Wall Street Strategies
Hello! Sign in or Register


Econ Wrap-Up: Jobs Report, Trade Deficit, and Factory Orders

12/5/2014
By Jennifer Coombs

Nonfarm payroll jobs jumped 321,000 after gaining 243,000 in October, while analysts were expecting a 230,000 rise; the November boost topped the highest forecast for 275,000. September and October gains were revised up notably by a net 44,000 jobs. The unemployment rate held steady at 5.8% which was in-line with expectations. Most notably, average hourly earnings jumped 0.4% in November after edging up 0.1% percent the month before and well above the expectation for a 0.2% rise. Real wage growth is imperative for economic growth, and this coupled with lower gas prices should definitely help the average American. 

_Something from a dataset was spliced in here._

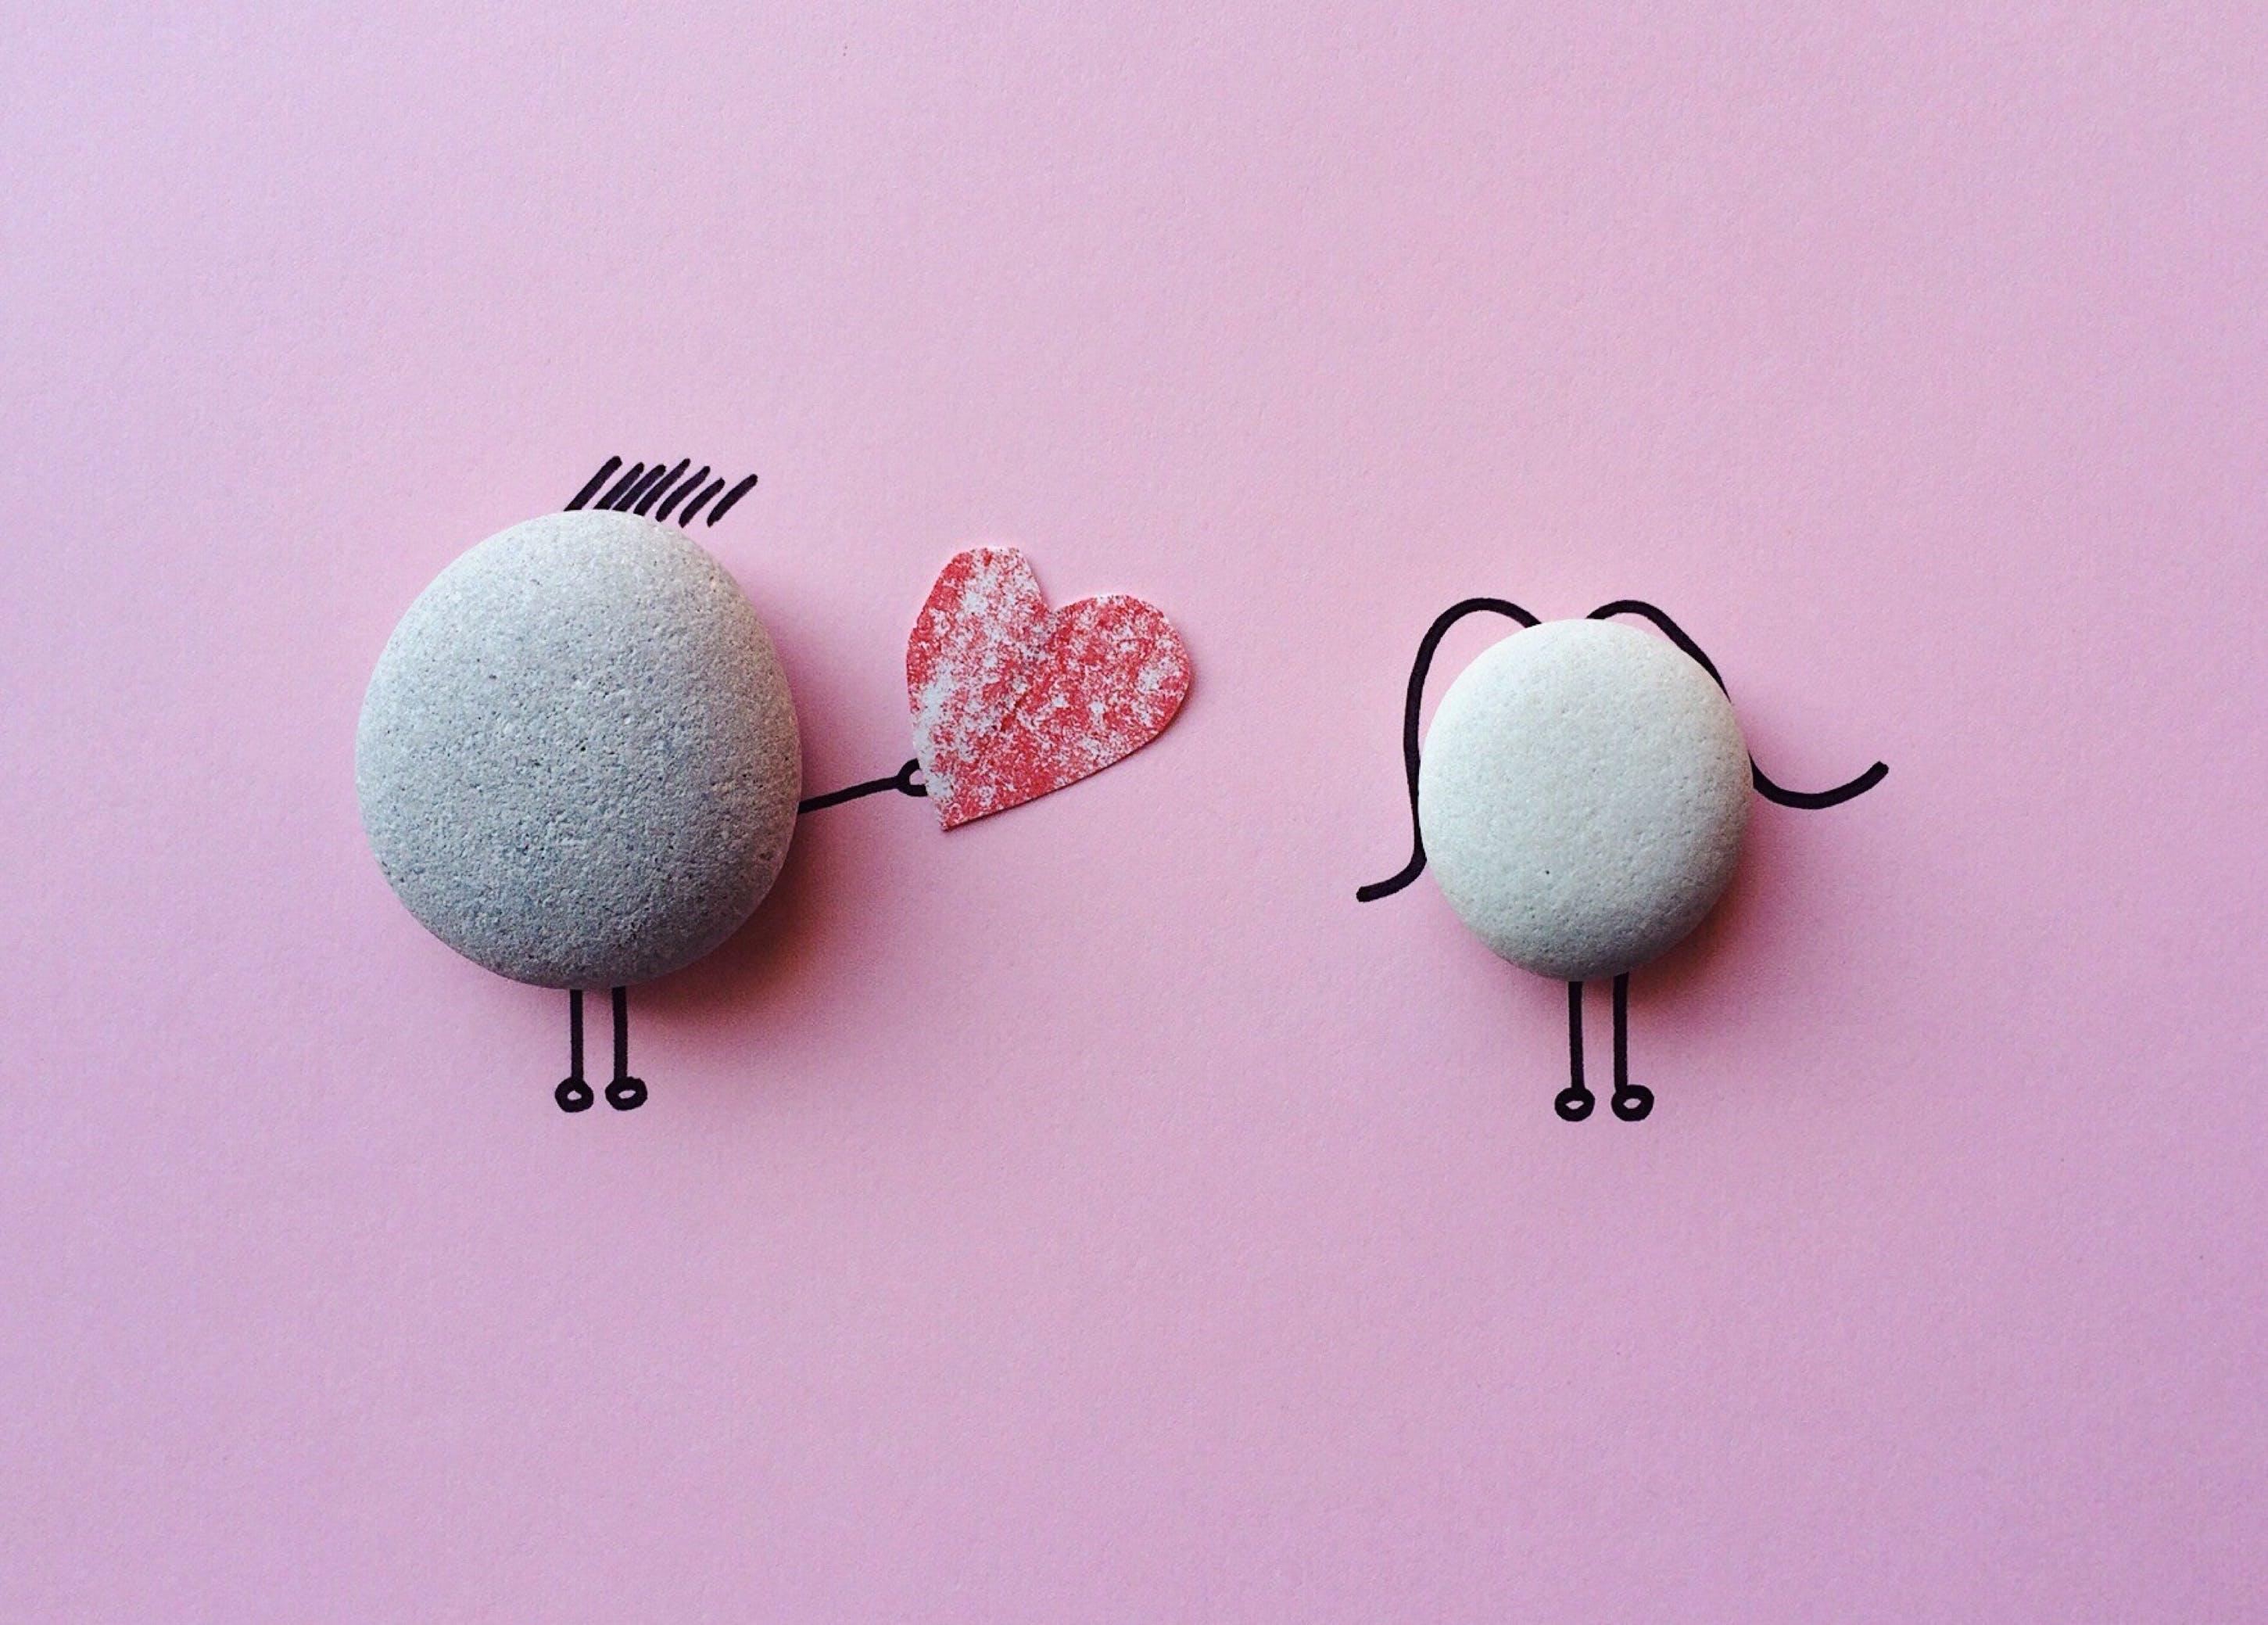 Fotos de stock gratuitas de amor, Arte, Arte y manualidades, artístico

The U.S. trade gap narrowed to a disappointing $43.4 billion in October from a revised $43.6 billion in September, and came in short of analyst expectations who expected the gap to narrow to $41 billion. US exports were up 1.2% after sliding 1.8% in the month before, while imports added 0.9% after recording no change in the month prior. The October petroleum and gasoline goods trade gap was at $15.2 billion, which was up from $14.0 billion in September. Petroleum imports were down 0.6% while exports declined by 11.1%. Without a doubt, the changes in petroleum prices are reflective of the recent drop in crude oil prices. The decline of the goods and services deficit is reflective of a decrease in the goods deficit of less than $100 million to $62.7 billion and an increase in the services surplus of $100 million to $19.2 billion. The deficit in goods and services increased, by 5.1% year-to-date, versus the same time-frame in 2013.

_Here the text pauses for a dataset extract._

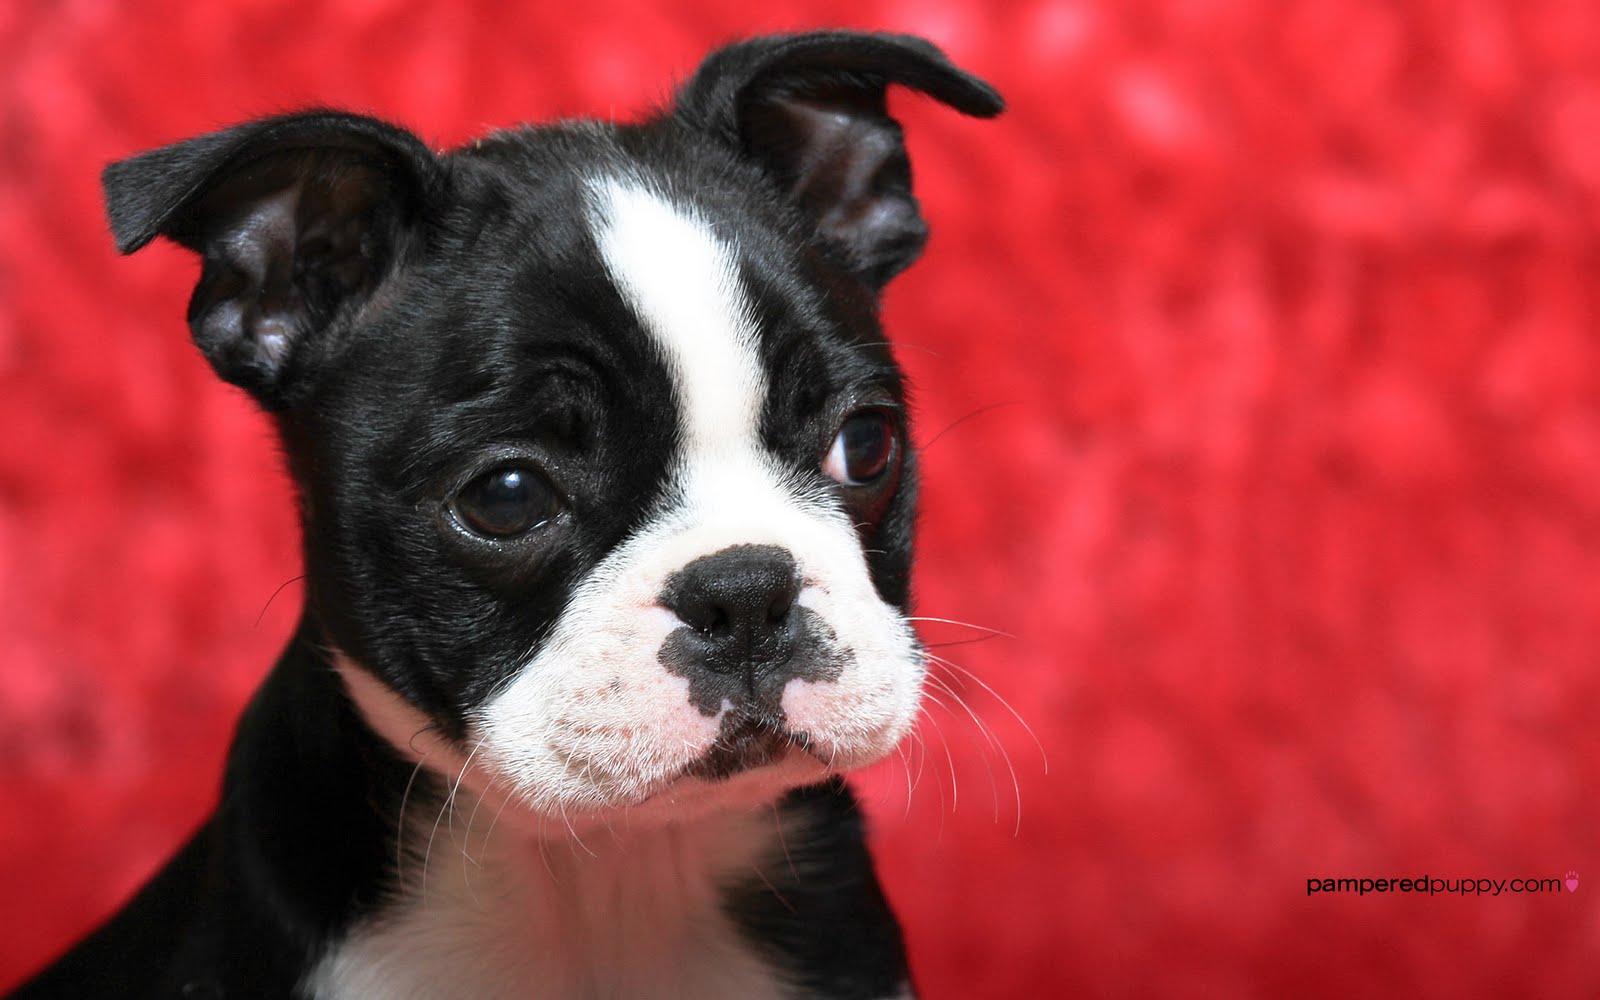 http://4.bp.blogspot.com/-kgkp0sB9tK0/Th84VrfECfI/AAAAAAAAALE/8GUuFr8E7Hg/s1600/Boston+Terrier+Dogs+Wallpapers+1.jpg

Lower oil prices also affected US factory orders in October which surprised somewhat on the downside, but with weakness coming from nondurables. Factory orders declined in the US by 0.7% in October following a decline of 0.5% in September. Excluding the super-pricy orders (like transportation) the orders declined by 1.4% in October after experiencing no change in September. The durables component increased by 0.3% compared to the analyst estimate of 0.4% and the decline of 0.7% in September. Nondurables orders fell by 1.5% in October, after a 0.2% dip the month before. Shipments were down in October, but again, weakness was mainly in the nondurables category. Shipments fell 0.8% after a 0.1% increase in September. Inventory levels remain in balance, increased by 0.1% in October after a 0.2% gain in September. Manufacturing remains at a low level, but it’s on a positive trajectory after price effects are taken into account, plus the latest jobs report shows some optimism in manufacturing as well.

Jennifer Coombs
Wall Street Strategies

More Articles by Jennifer Coombs


 

Add a Comment!

Name:
Email:
Comment:
 
 
Submitted comments are subject to moderation before posting.


Home | Products & Services | Education | In The Media | Help | About Us |
Disclaimer | Privacy Policy | Terms of Use |
All Rights Reserved.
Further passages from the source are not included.